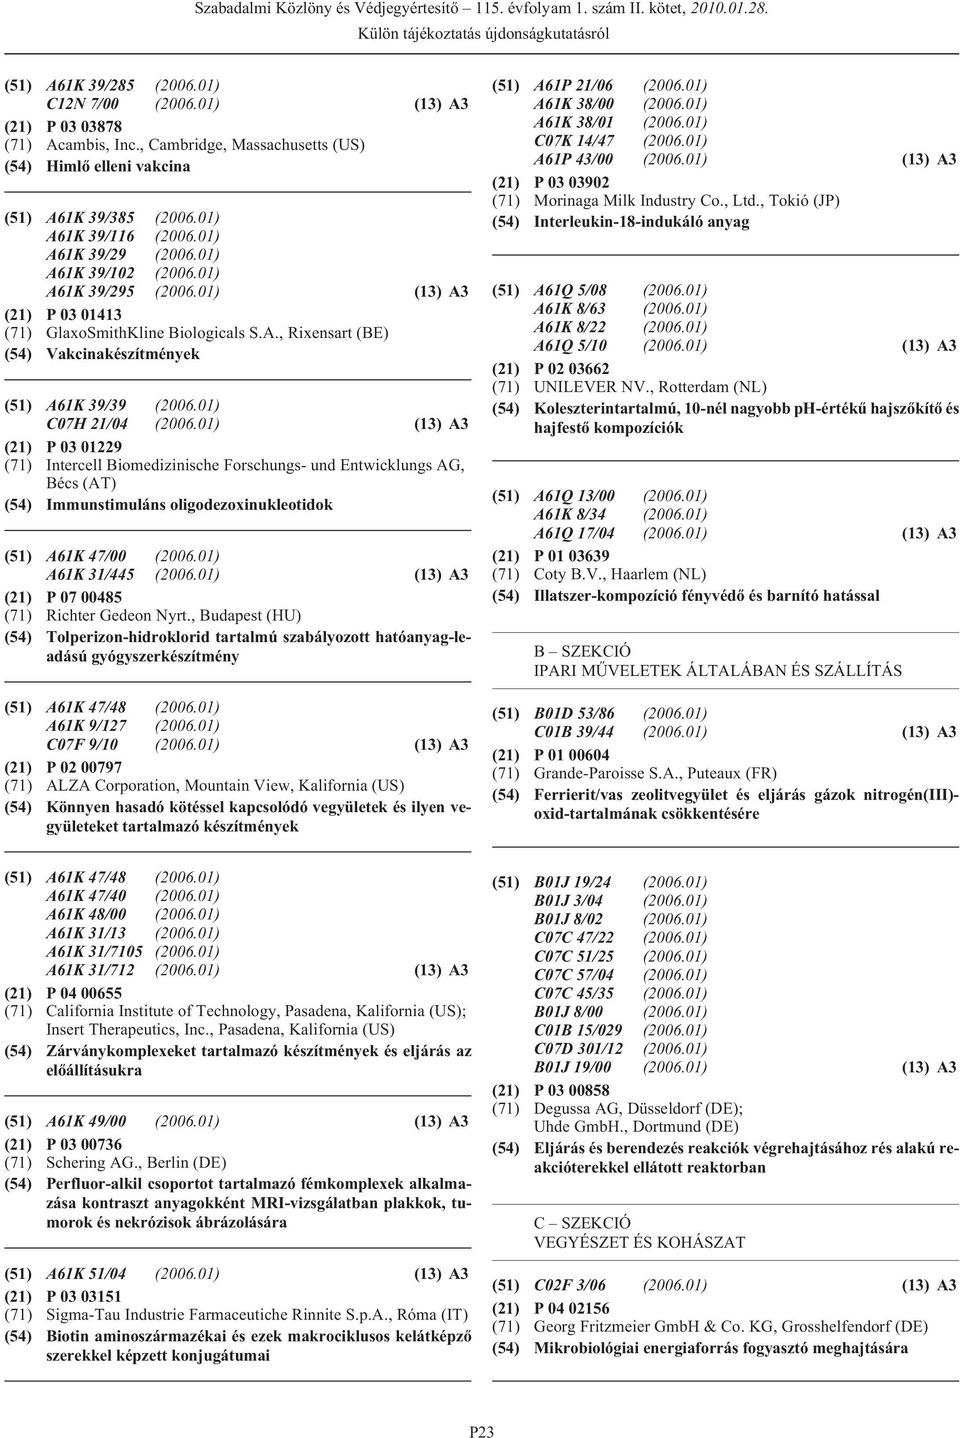 01) C07H 21/04 (2006.01) (13) A3 (21) P 03 01229 (71) Intercell Biomedizinische Forschungs- und Entwicklungs AG, Bécs (AT) (54) Immunstimuláns oligodezoxinukleotidok (51) A61K 47/00 (2006.
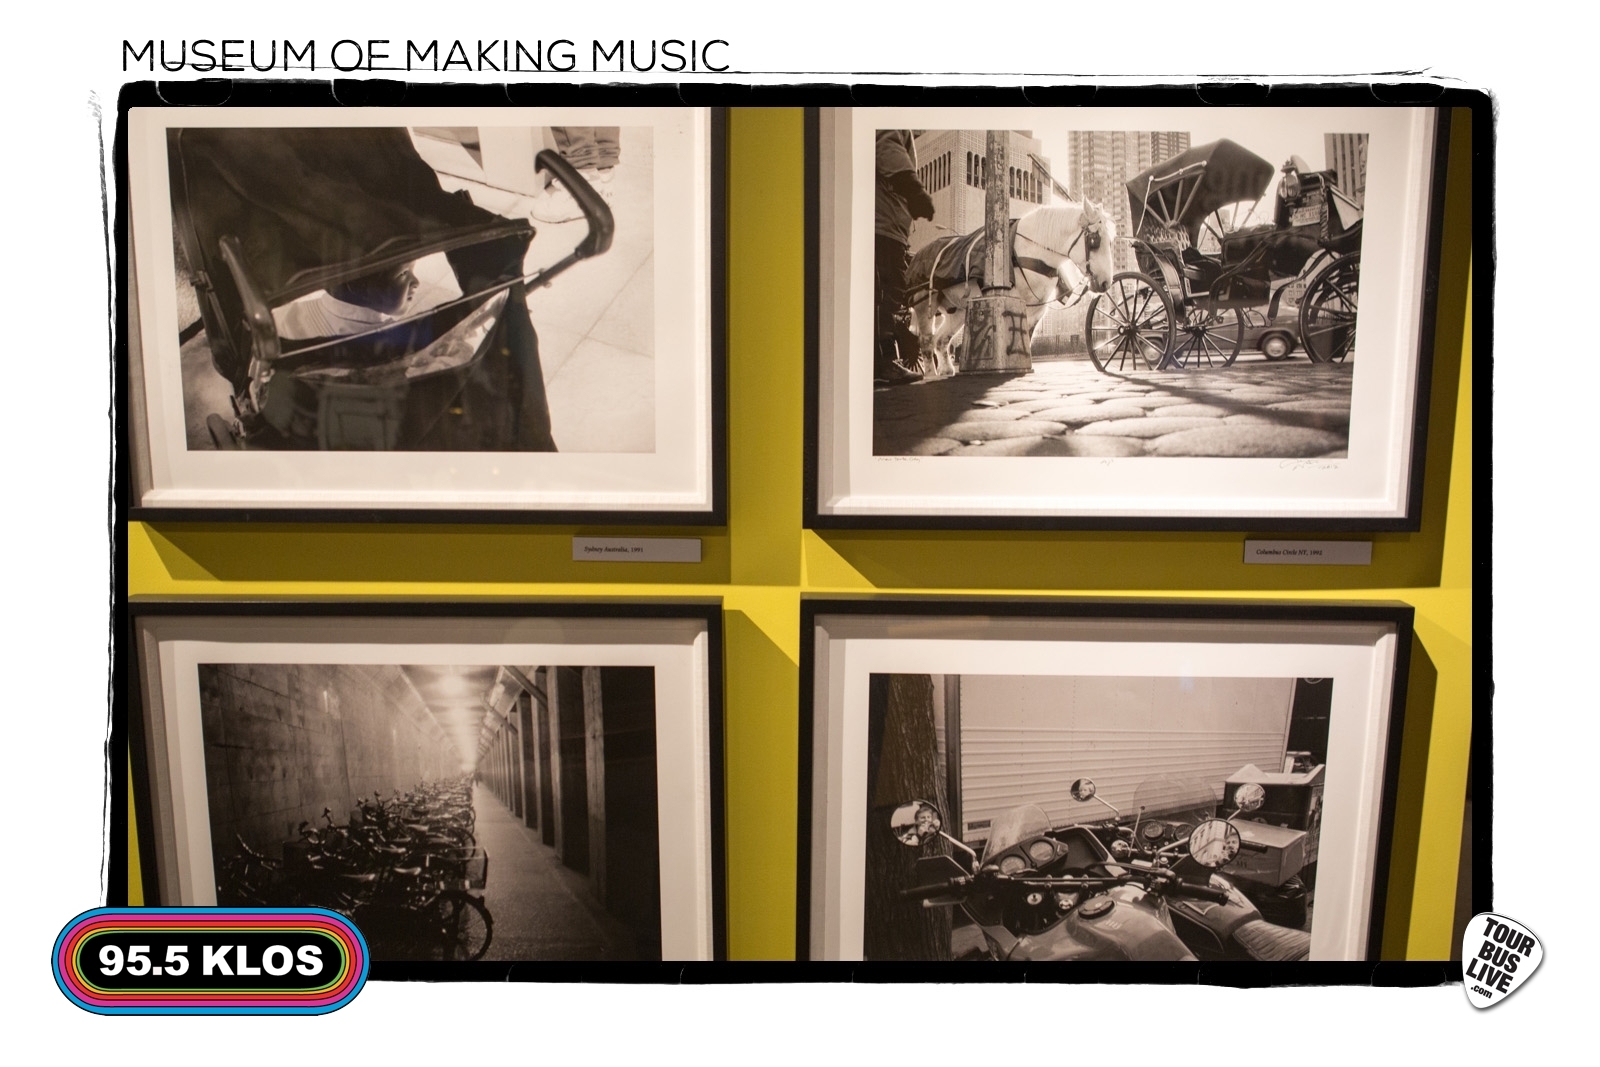 Museum of Making Music, Carlsbad, California. © 2017 TourBusLive.com
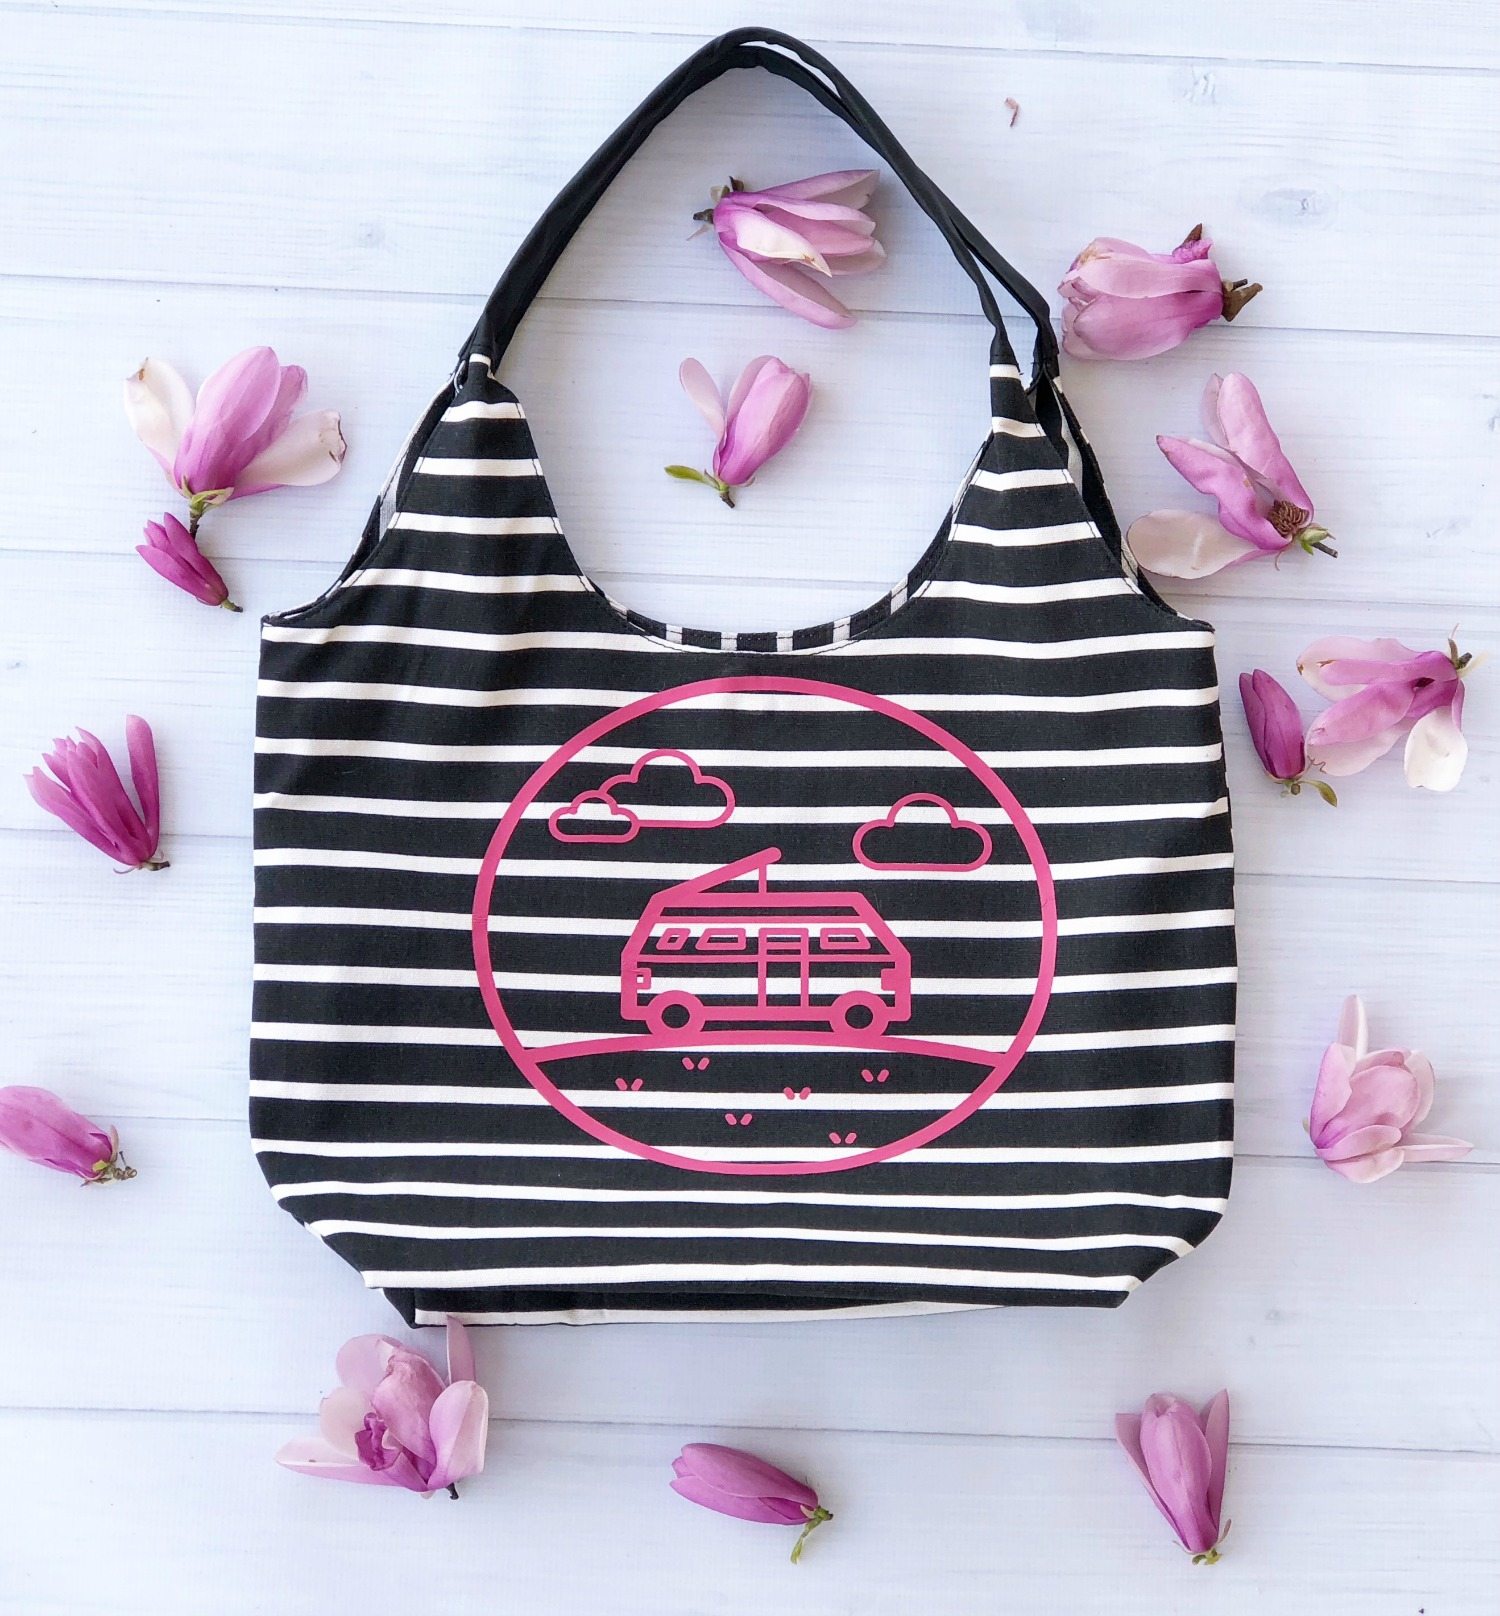 Cute Overnight Spring bag with Cricut design

◆ WORK REQUEST ◆
Please output the material above unchanged, apart from removing the pictures.

◆ ANSWER SPACE ◆
 01) C07H 21/04 (2006.01) (13) A3 (21) P 03 01229 (71) Intercell Biomedizinische Forschungs- und Entwicklungs AG, Bécs (AT) (54) Immunstimuláns oligodezoxinukleotidok (51) A61K 47/00 (2006.
 Museum of Making Music, Carlsbad, California. © 2017 TourBusLive.com
 Cute Overnight Spring bag with Cricut design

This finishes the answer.